--- TASK GOAL ---
A word-for-word copy of the following listing is needed. Leave out its images.

--- SOURCE DATA ---
● ● ● ● ●

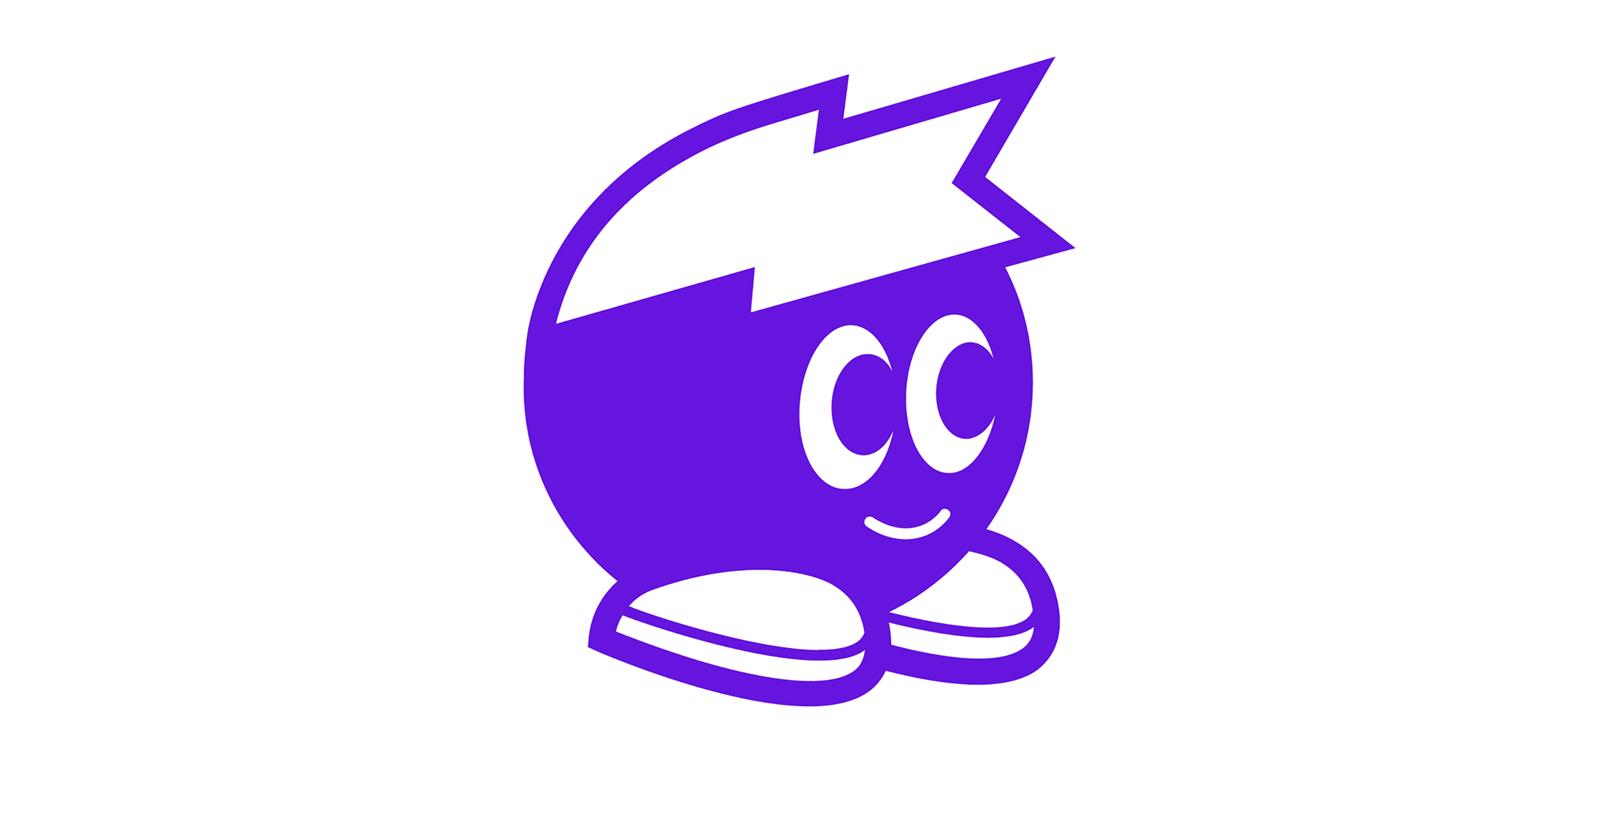 Clubhouse 品牌启用新的logo和形象设计-VI设计4
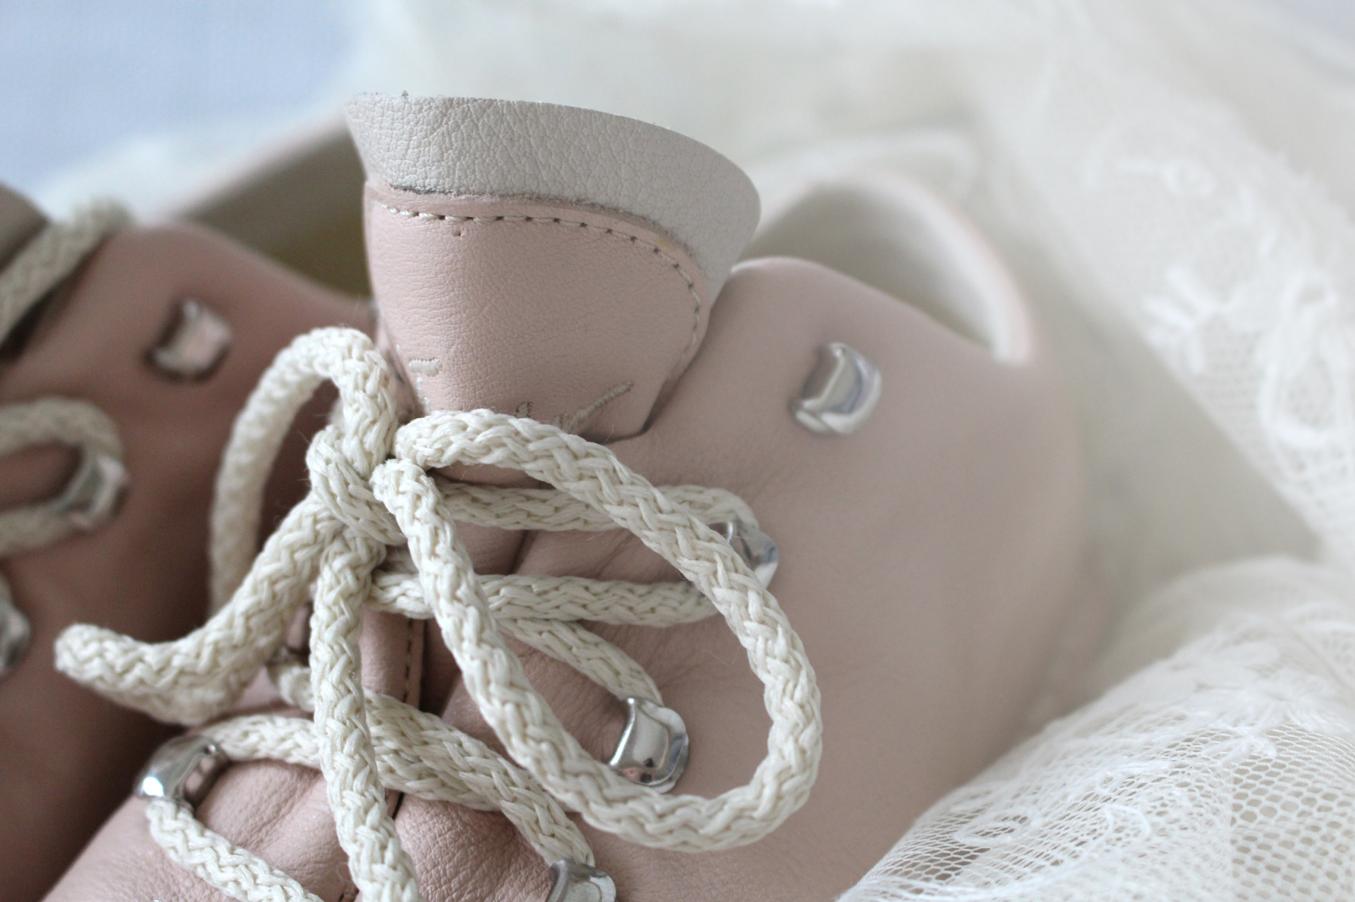 maybeyoulike_wedding_shoes_6
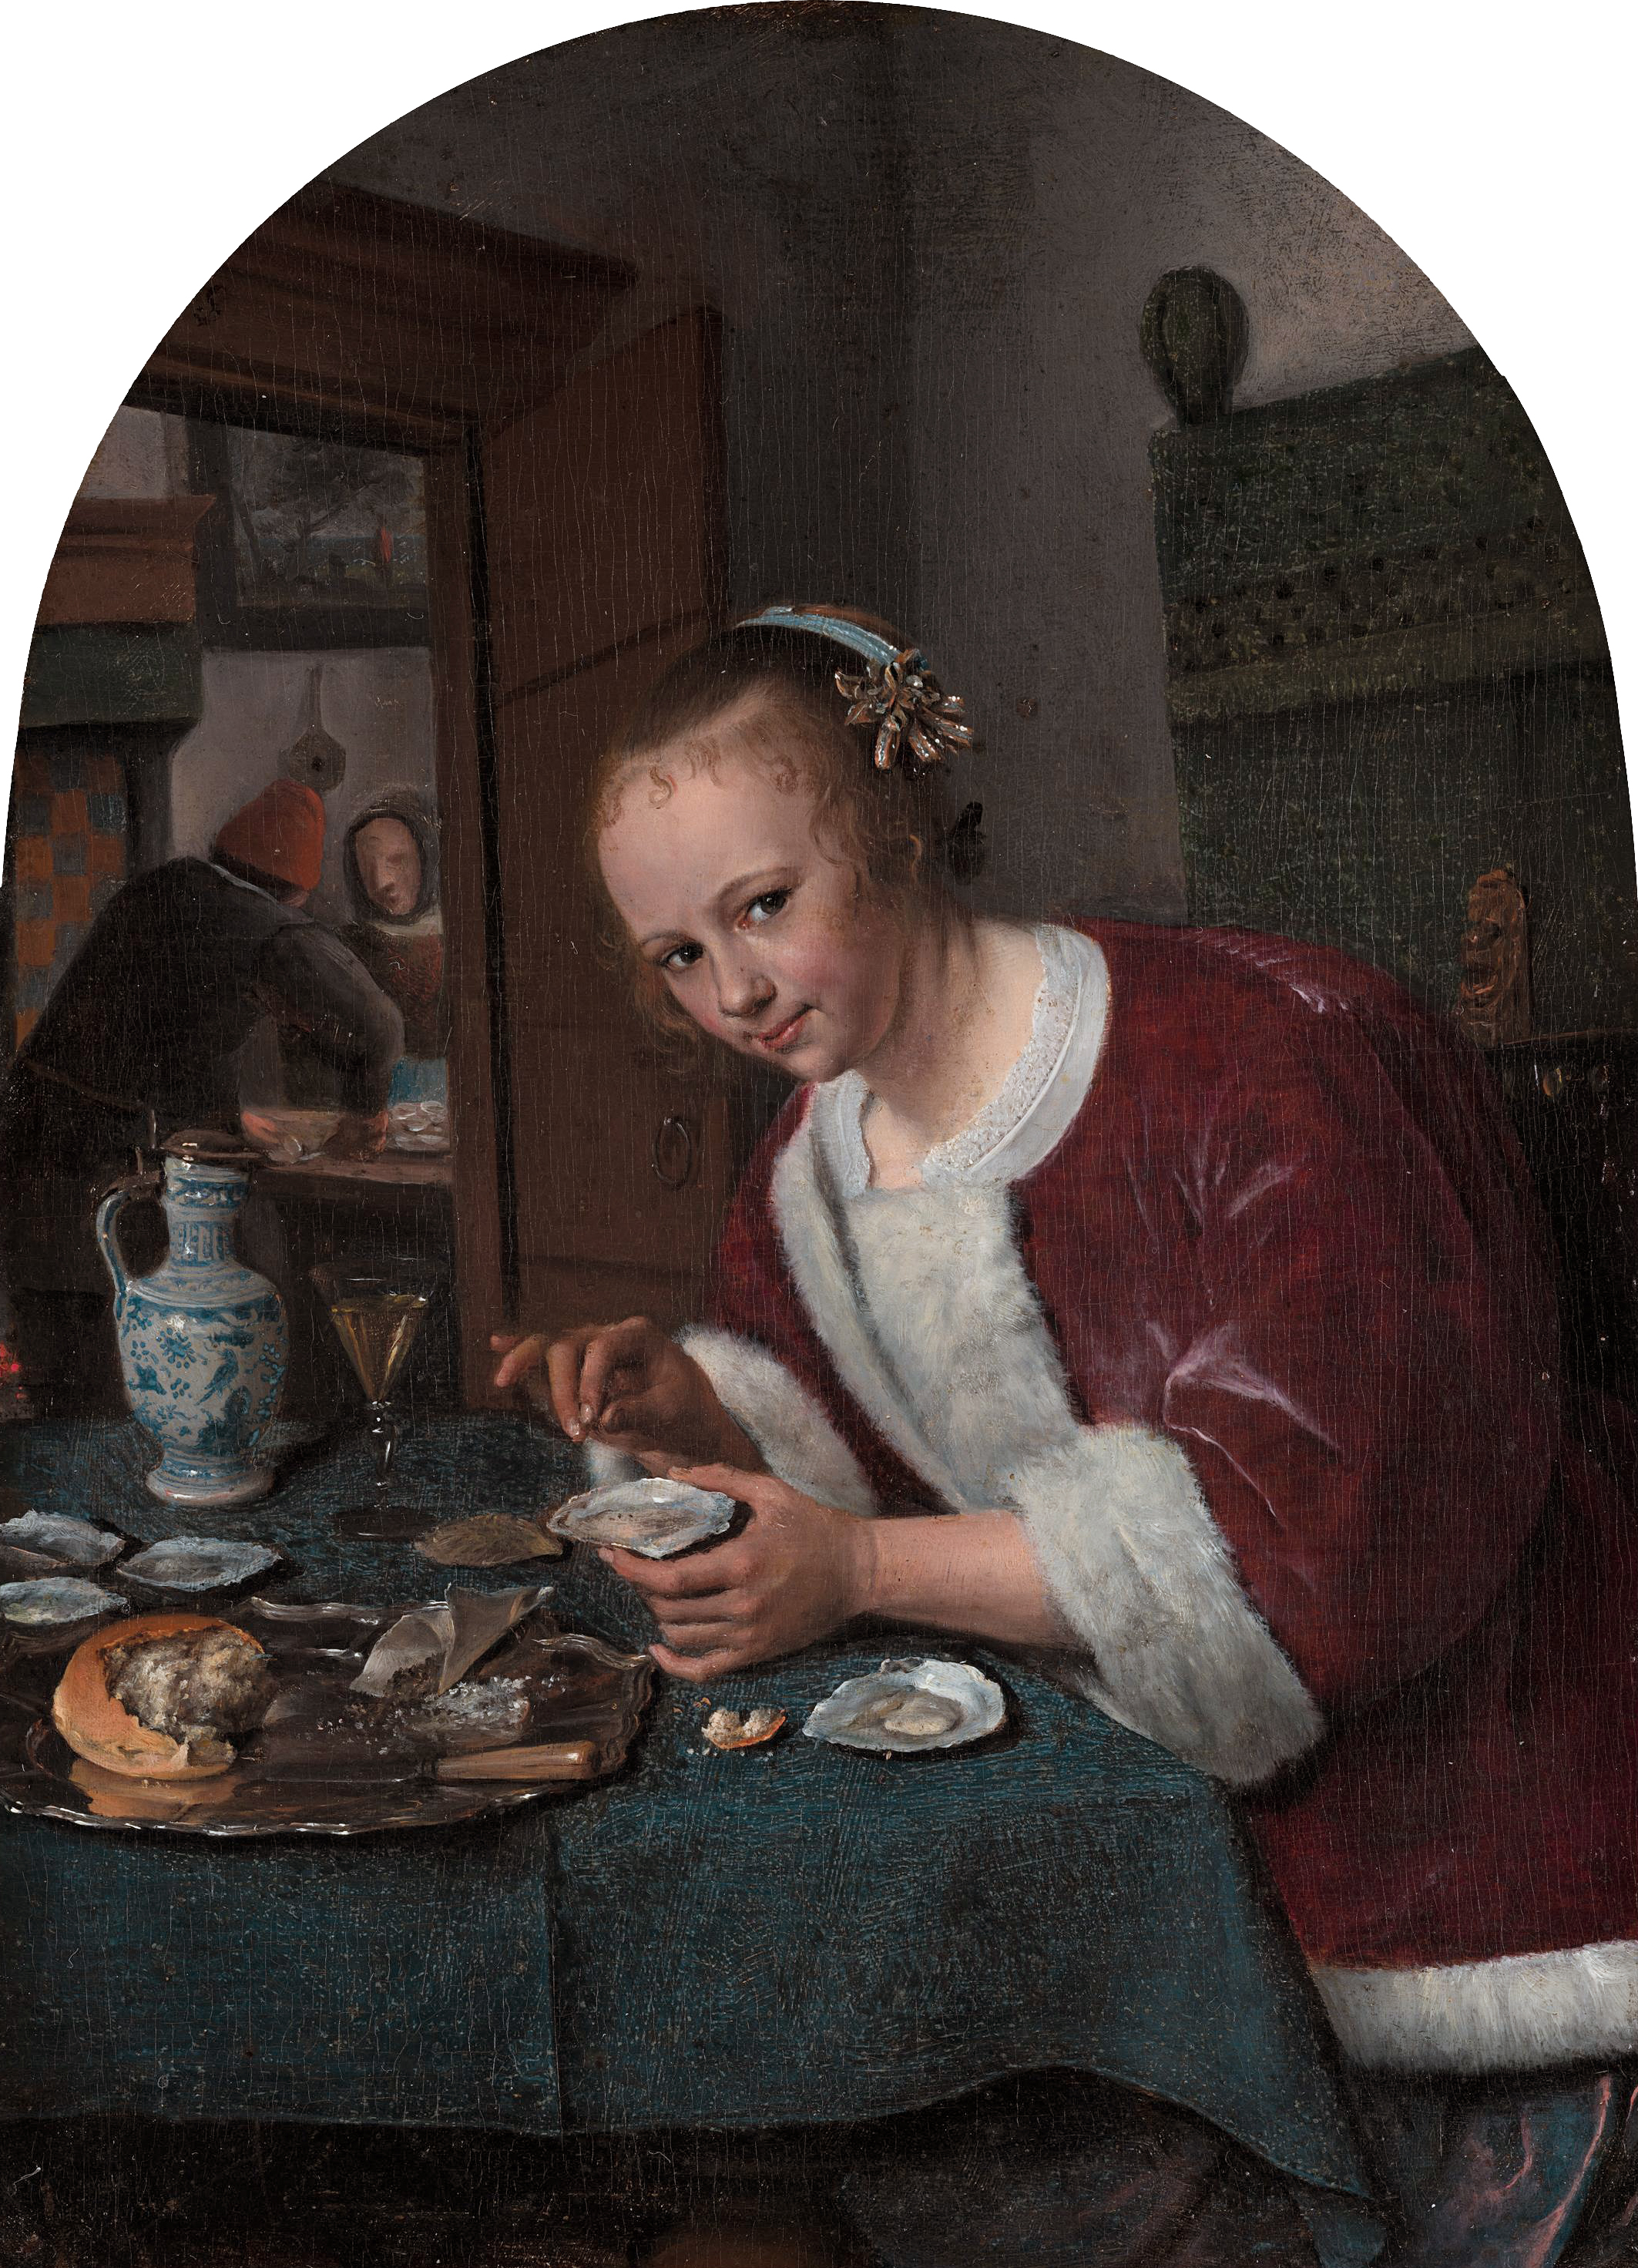 Eating live seafood - Wikipedia

● ● ● ● ●

--- ANSWER SPACE ---
 Clubhouse 品牌启用新的logo和形象设计-VI设计4
 maybeyoulike_wedding_shoes_6
 Eating live seafood - Wikipedia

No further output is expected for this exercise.